Creo que todos los partidos están configurados como coalición de
personas e intereses específicos, y que la única coalición que trata de
afrontar esto del nacionalismo cuanto antes, y de una vez por todas, es
la que han formado Alberto Garzón y Pablo Iglesias (con EQUO, que
siempre se me olvida, perdón). Los del PP y Ciudadanos están empeñados
en que España debe seguir siendo una unidad de destino en lo universal,
aunque sea por la fuerza; el PSOE, nosabenocontesta, se esconde, duda.
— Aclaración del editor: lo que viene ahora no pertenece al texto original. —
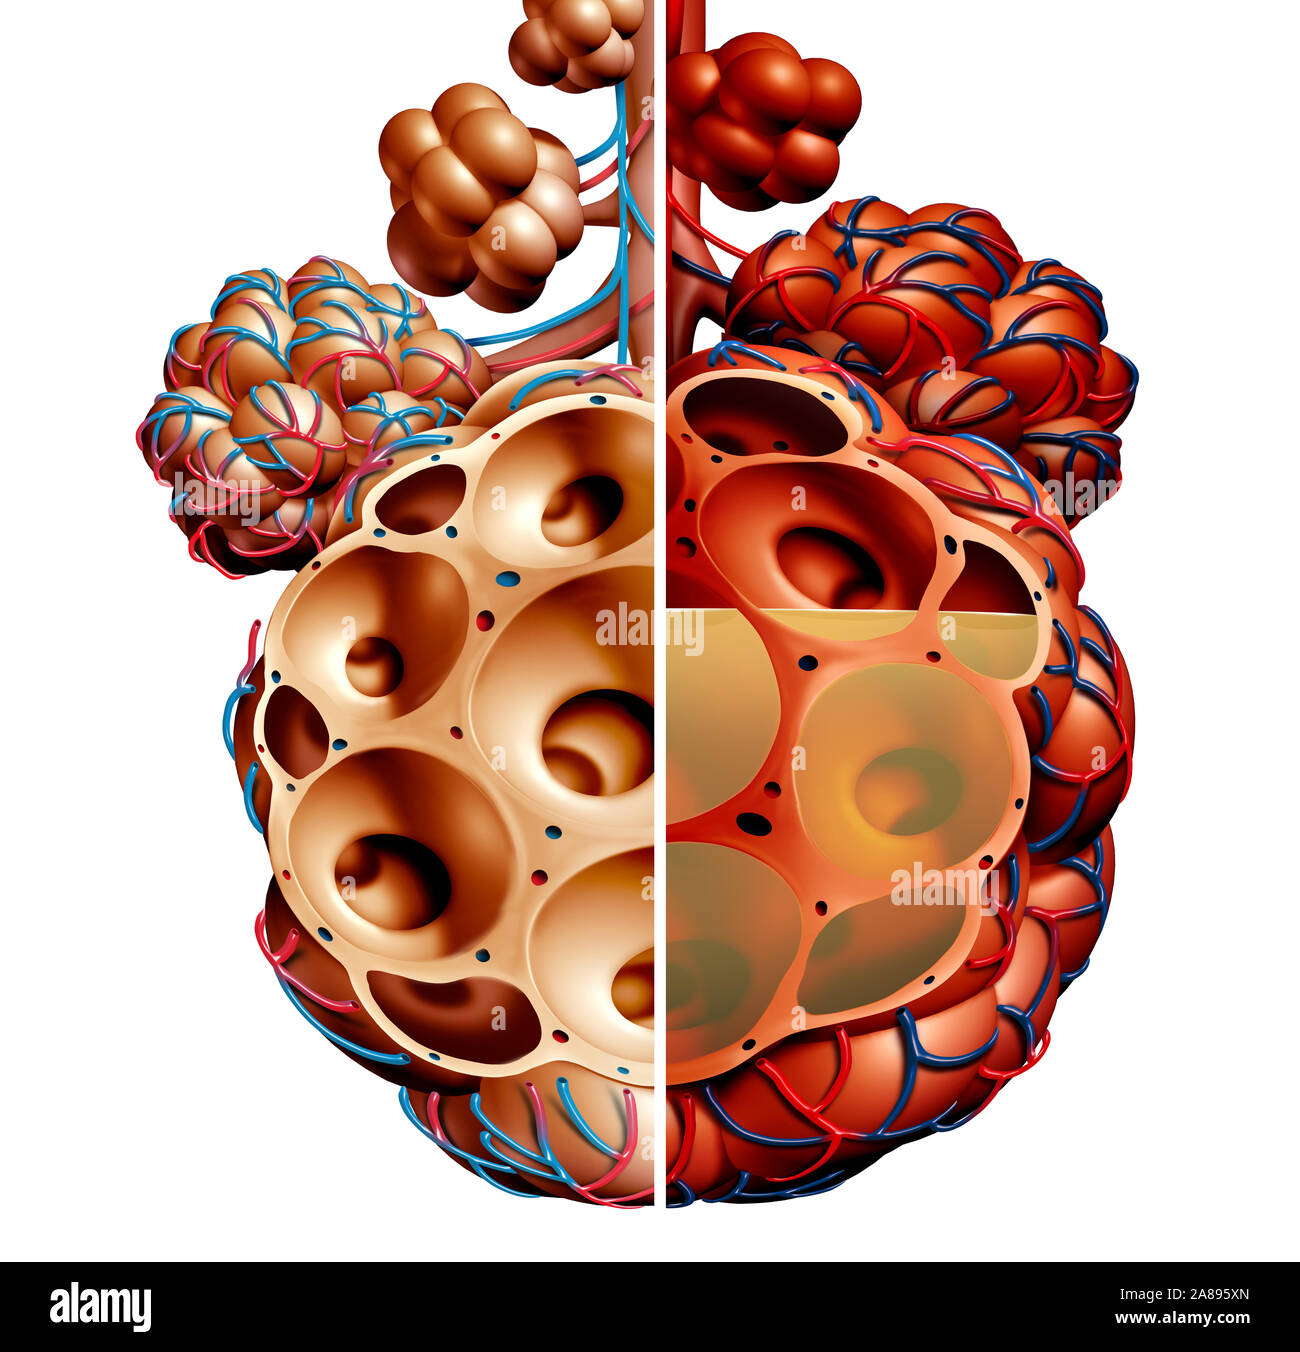 Pneumonie und Lungenbläschen mit Flüssigkeit Diagramm oder alveolus Entzündung Anatomie Diagramm als medizinisches Konzept von gesunden und ungesunden Lunge. Stockfoto
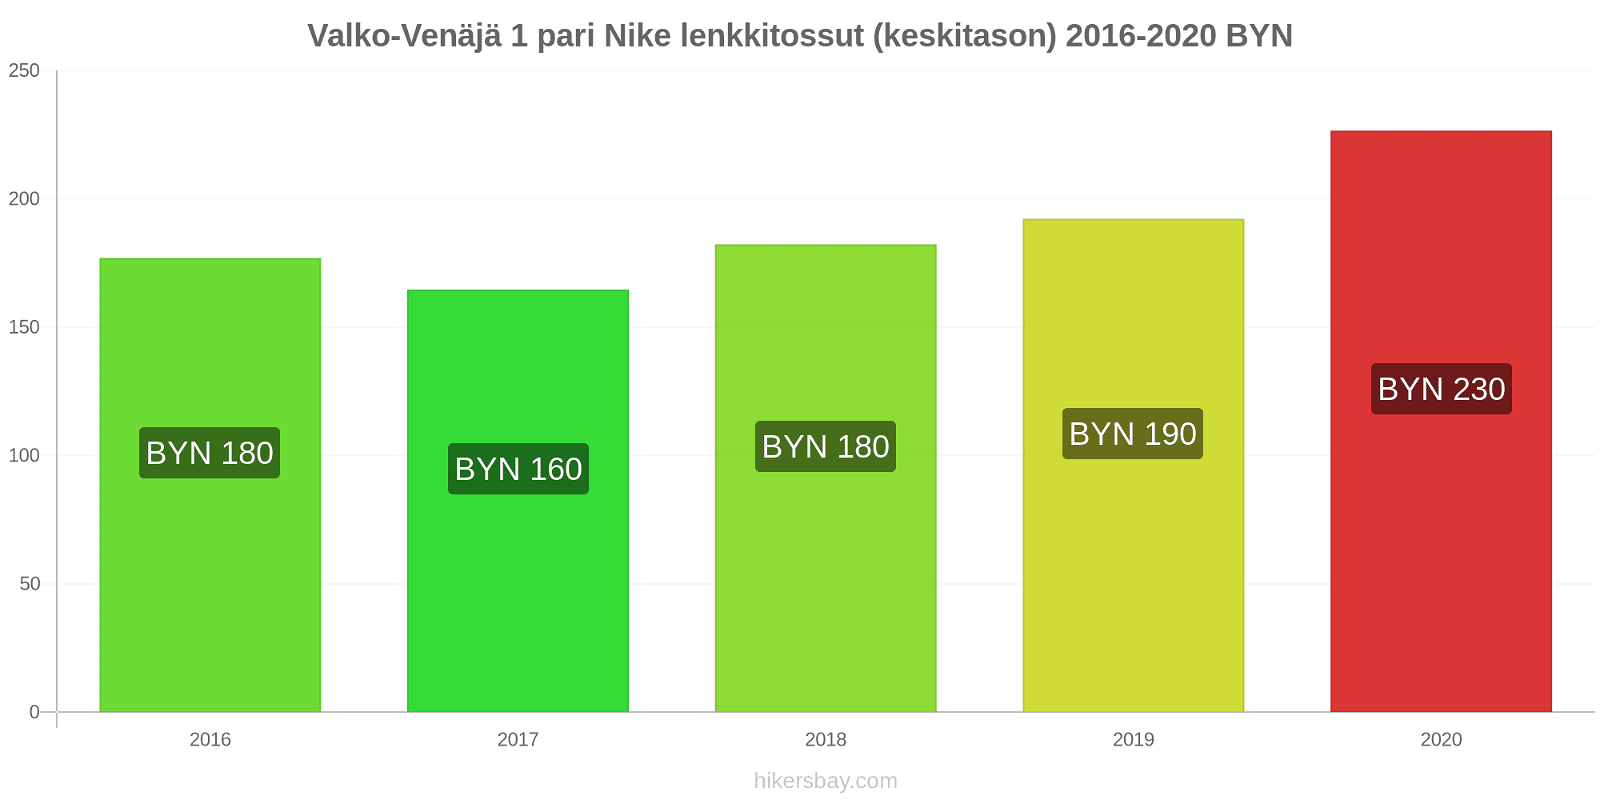 Valko-Venäjä hintojen muutokset 1 pari Nike lenkkitossut (keskitason) hikersbay.com

Aunque alguno de sus barones no vea mal afrontar el tema desde el
federalismo republicano.
El jueves pasado asistí a la presentación de un libro, ¿Qué es el
federalismo? Escrito por la catedrática emérita de Filosofía Moral de la
UAB, Victoria Camps, Joan Botella, catedrático de Ciencia Política en la
misma universidad, y Francesc Trillas, profesor de Economía, también de
la Universidad Autónoma de Barcelona. En la mesa estuvieron sentados con
ellos Alfredo Pérez Rubalcaba, y el jurista Carlos Jiménez Villarejo.
Todos pensaban que el Estado federal podría protegernos en el futuro de
los acuciantes separatismos, tanto de los de derecha como de los de
izquierda. Pero creo yo que no se atrevían a asumir que quizá esto llega
quizá tarde para evitar las propuestas soberanistas catalana y vasca, y
que, sobre todo, ahora toca afrontar el envite social del referendum,
como proponen UnidosPodemos, coalición que les despierta la más
inquietante de las zozobras, sobre todo a Rubalcaba.
En “La construcción de la Nación española, republicanismo y nacionalismo
en la Ilustración", Mario Onaindía, doctor en Filología Inglesa e
Hispánica, reflexiona sobre dos modelos históricos de entender la
nación, uno republicano, en donde la patria es el lugar donde el
ciudadano vive libre de expresar sus ideas, incluso las separatistas; y
otro, el nacionalismo, donde el ciudadano lo es por el hecho de haber
nacido en un determinado territorio (sentimiento, más que sentido de la
propiedad), pero en el que no es libre de expresar sus ideas
antiseparatistas o federalistas puesto que el modelo de patria se da por
terminado y definitivo. Pero resulta que ahora, en España, la cuestión
materno filial de las patrias chicas que menciona Brenan se ha
complicado con la de la abuela, Europa, pues en torno a ella se trata de
acoger por un lado a una familia de primos lejanos, la Europa de los
pueblos, en una especie de superrepública con otros límites y fronteras,
y por otro en un territorio en la que los vecinos pequeño patriotas
serán arrendados del poder económico internacional, y ya no se deberán a
la prosperidad y estabilidad de sus pequeñas patrias, sino a la de los
arrendatarios. Y la pretensión de éstos no es organizarnos en liberales,
nacionalistas o republicanos, esto no es importante para ellos, sino en
súbditos fieles de su poder económico. Mientras nosotros, los españoles
y los que no quieren serlo, nos debatimos en modelos de autogobierno,
los de las tablas de la ley de la abuela, los nuevos inquisidores, van
comprometiendo a los poderes políticos (nuestros representantes
nacionales) de las patrias más o menos chicas a sus leyes. Porque ahora
la única nación que nos trata de subyugar en una sola quiere hacer de
todas las patrias chicas una unidad de destino en lo comercial.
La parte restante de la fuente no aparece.